Cora zicai fällt aus – wück muss kader kurz vor wm-quali umbauen
Cora Zicai bleibt
zu Hause. Die 21-jährige Angreiferin des VfL Wolfsburg packt wegen muskulärer Probleme nicht ein und verpasst damit die beiden WM-Qualifikationsspiele gegen Österreich. Christian Wück muss innerhalb von 48 Stunden umplanen.Wück reagiert sofort und holt mühlhaus
Die Lösung steht schon fest: Larissa Mühlhaus rückt nach. Die 22-jährige Stürmerin von Werder Bremen absolviert derzeit ihre dritte Saison in der Frauen-Bundesliga, erzielte in dieser Spielzeit bislang fünf Treffer und bereitete drei weitere vor. Für sie ist es die erste Einberufung in den Seniorenbereich. „Wir kennen ihre Dynamik und ihren Einsatzwille“, sagt Wück laut DFB-Mitteilung. „Sie bringt frische Impulse mit.“
Zicai selbst hatte gerade den Sprung zurück ins Team geschafft. Ihr letztes Länderspiel datiert vom Dezember 2025, ein 4:0 gegen die Niederlande. Die Verletzung wirft sie nun zurück auf Los. Der VfL bestätigte, dass die Reizung im Oberschenkelbereich bereits in der Länderspielpause vom April auftrat und in den vergangenen Tagen wieder akut wurde.

Termindichte belastet dfb-frauen zusätzlich
Die Partien gegen Österreich kommen zur Unzeit. Am 14. April empfangen die DFB-Frauen den Nachbarn in Nürnberg, vier Tage später geht es nach Ried. Beide Spiele gelten als Pflichtsiege, will die deutsche Auswahl die Tabellenführung in Gruppe A nicht aus der Hand geben. Die Spielerinnen kehren direkt nach den Bundesliga-Partien des vergangenen Wochenendes zurück in den Nationalkader. Das Programm: Dienstag Anreise, Mittwoch Doppelpass, Donnerstag Taktik, Freitag Abflug – ein Pensum, das selbst Routinierte an die Grenze bringt.
Trainer Wück muss nun auch die Startaufstellung umbauen. Neben Zicai fehlt mit Sydney Lohmann eine weitere Stammkraft im zentralen Mittelfeld. Ihre Achillessehnenreizung hält seit Wochen an.

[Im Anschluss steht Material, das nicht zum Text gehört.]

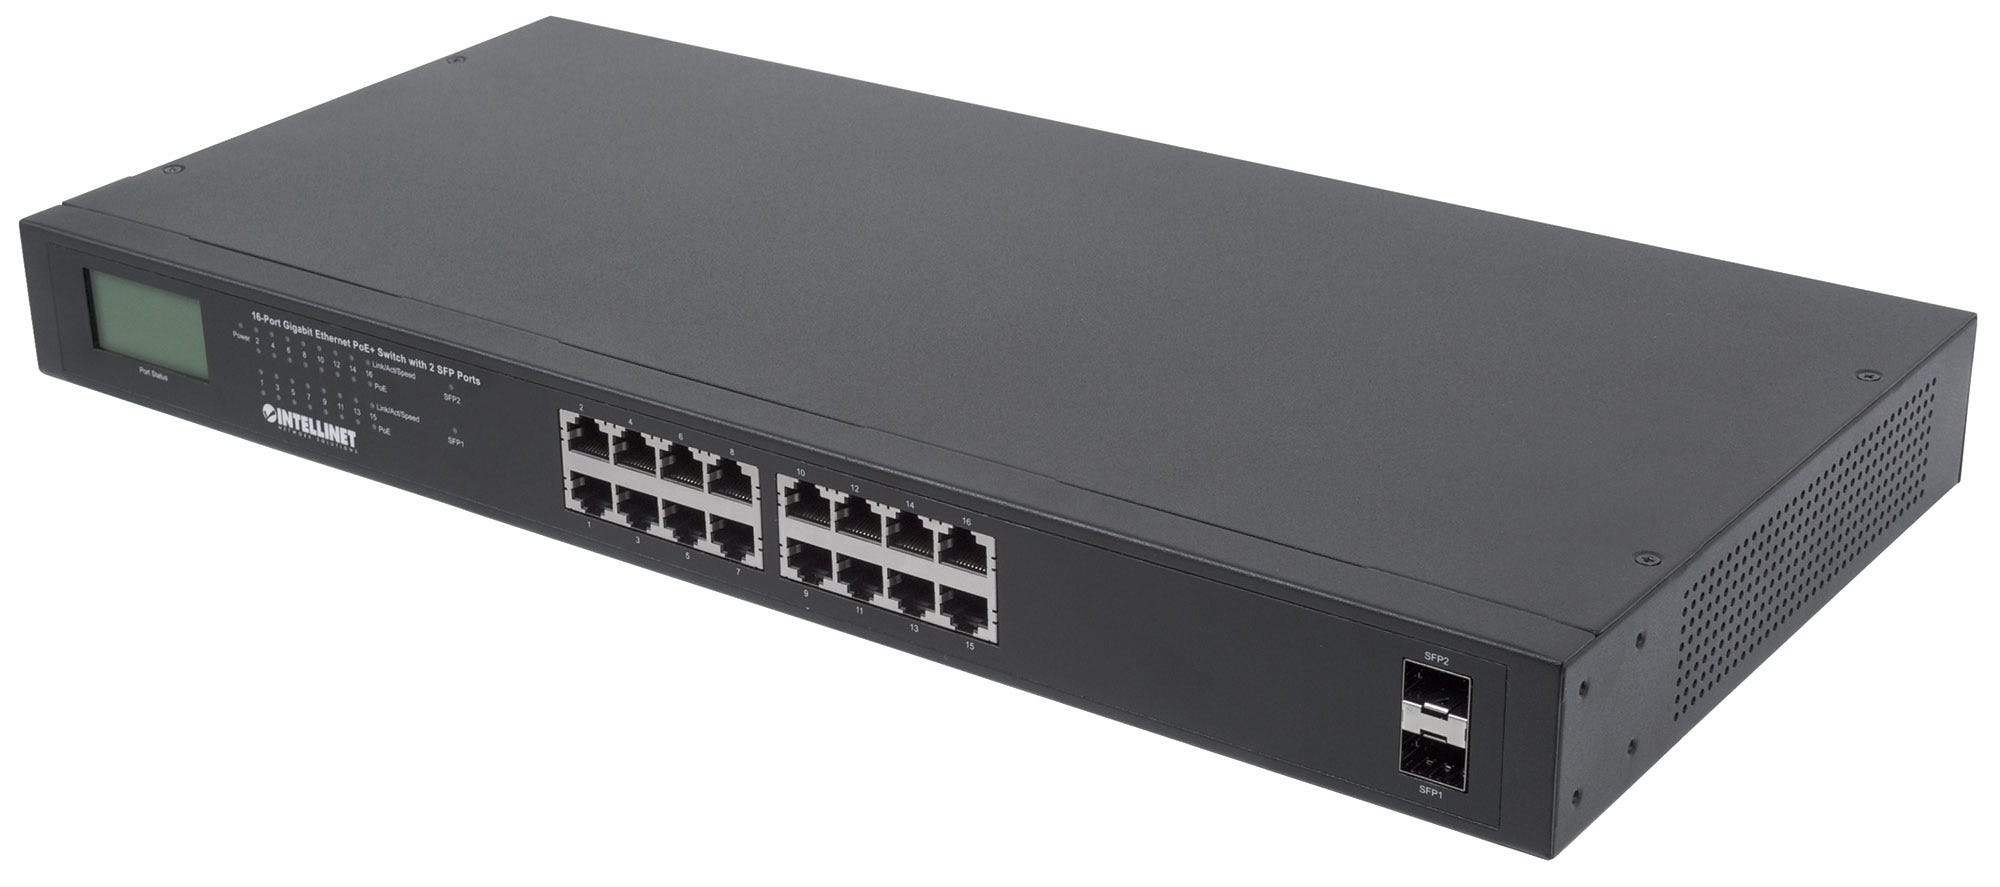 Intellinet 16-Port Gigabit Ethernet PoE+ Switch with 2 SFP Ports, LCD Display, IEEE 802.3at/af Power over Ethernet (PoE+/PoE)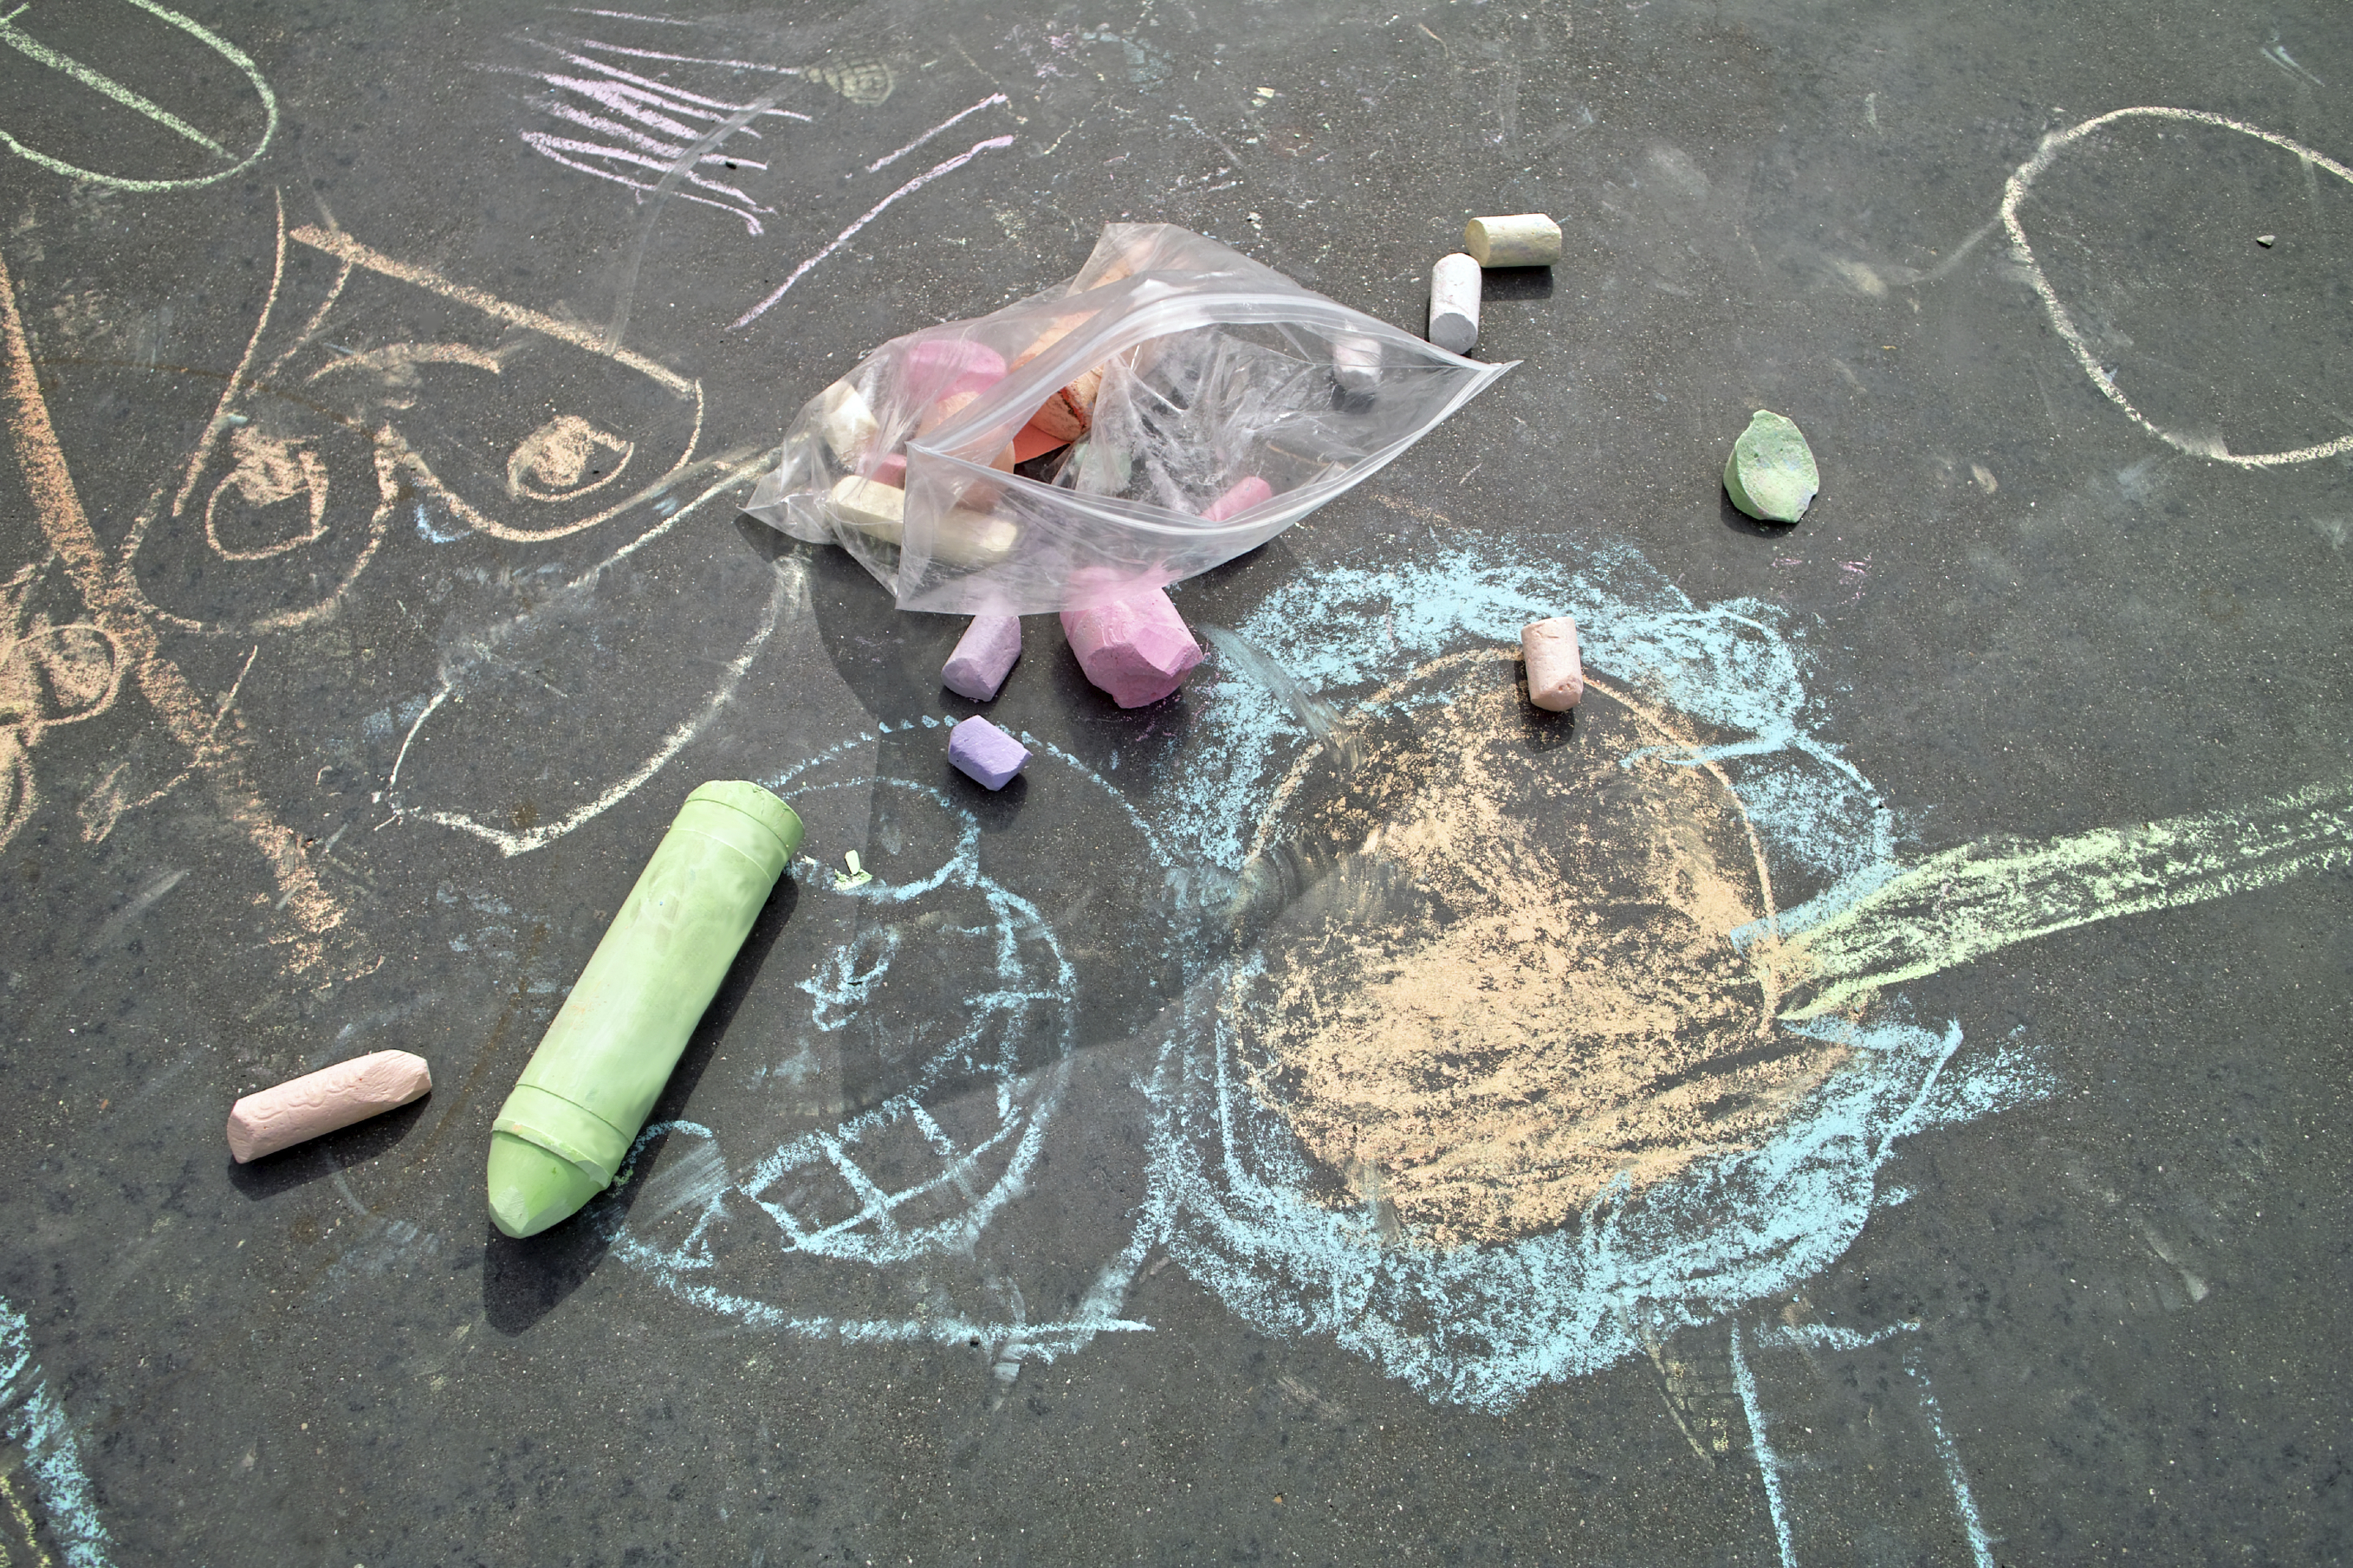 Get Creative: Sidewalk Chalk and Paint Art Projects Kids Will Love

Die Lücke rückt jetzt womöglich Sara Däbritz ins Zentrum, die zuletzt in Paris länger pausierte und erst langsam wieder an Rhythmus gewinnt.

Zicai-ausfall wirft fragen nach belastungssteuerung auf
Der Fall Zicai wirft ein Schlaglicht auf die Belastungssteuerung. Die Stürmerin absolvierte seit Januar durchschnittlich 72 Minuten pro Pflichtspiel für Wolfsburg – ein Volumen, das sich über Monate summiert. „Wir gehen jeden Tag die Trainingsdaten durch“, sagte VfL-Trainer Tommy Stroot vor zwei Wochen. „Aber zwischen Theorie und Praxis klafft manchmal eine Lücke.“ Die Lücke ist jetzt sichtbar geworden.
Mühlhaus freut sich dennoch über ihre Chance. „Ich bin bereit“, sagt sie auf Nachfrage. „Ich kenne die meisten Mädels aus dem U-23-Team, das macht es leichter.“ Ihre Schnelligkeit könnte gerade gegen die österreichische Viererkette um Carina Wenninger gefährlich werden. Österreich steht mit nur einem Gegentor in den vergangenen drei Länderspielen da, doch die Außenverteidigerin von Bayern München ist selbst angeschlagen und trainierte zuletzt nur individuell.
Die DFB-Auswahl trifft am Montagmittag in Herzogenaurach ein. Für Zicai beginnt stattdessen eine Woche der Reha. Das Comeback im Nationalteam muss sie erneut aufbauen – und der Zeitplan wird enger. Die WM in Marokko rückt näher, jedes Länderspiel zählt. Wer jetzt ausfällt, verschenkt wertvolle Minuten. Die Konkurrenz schläft nicht. Und Mühlhaus will sie alle wach kriegen.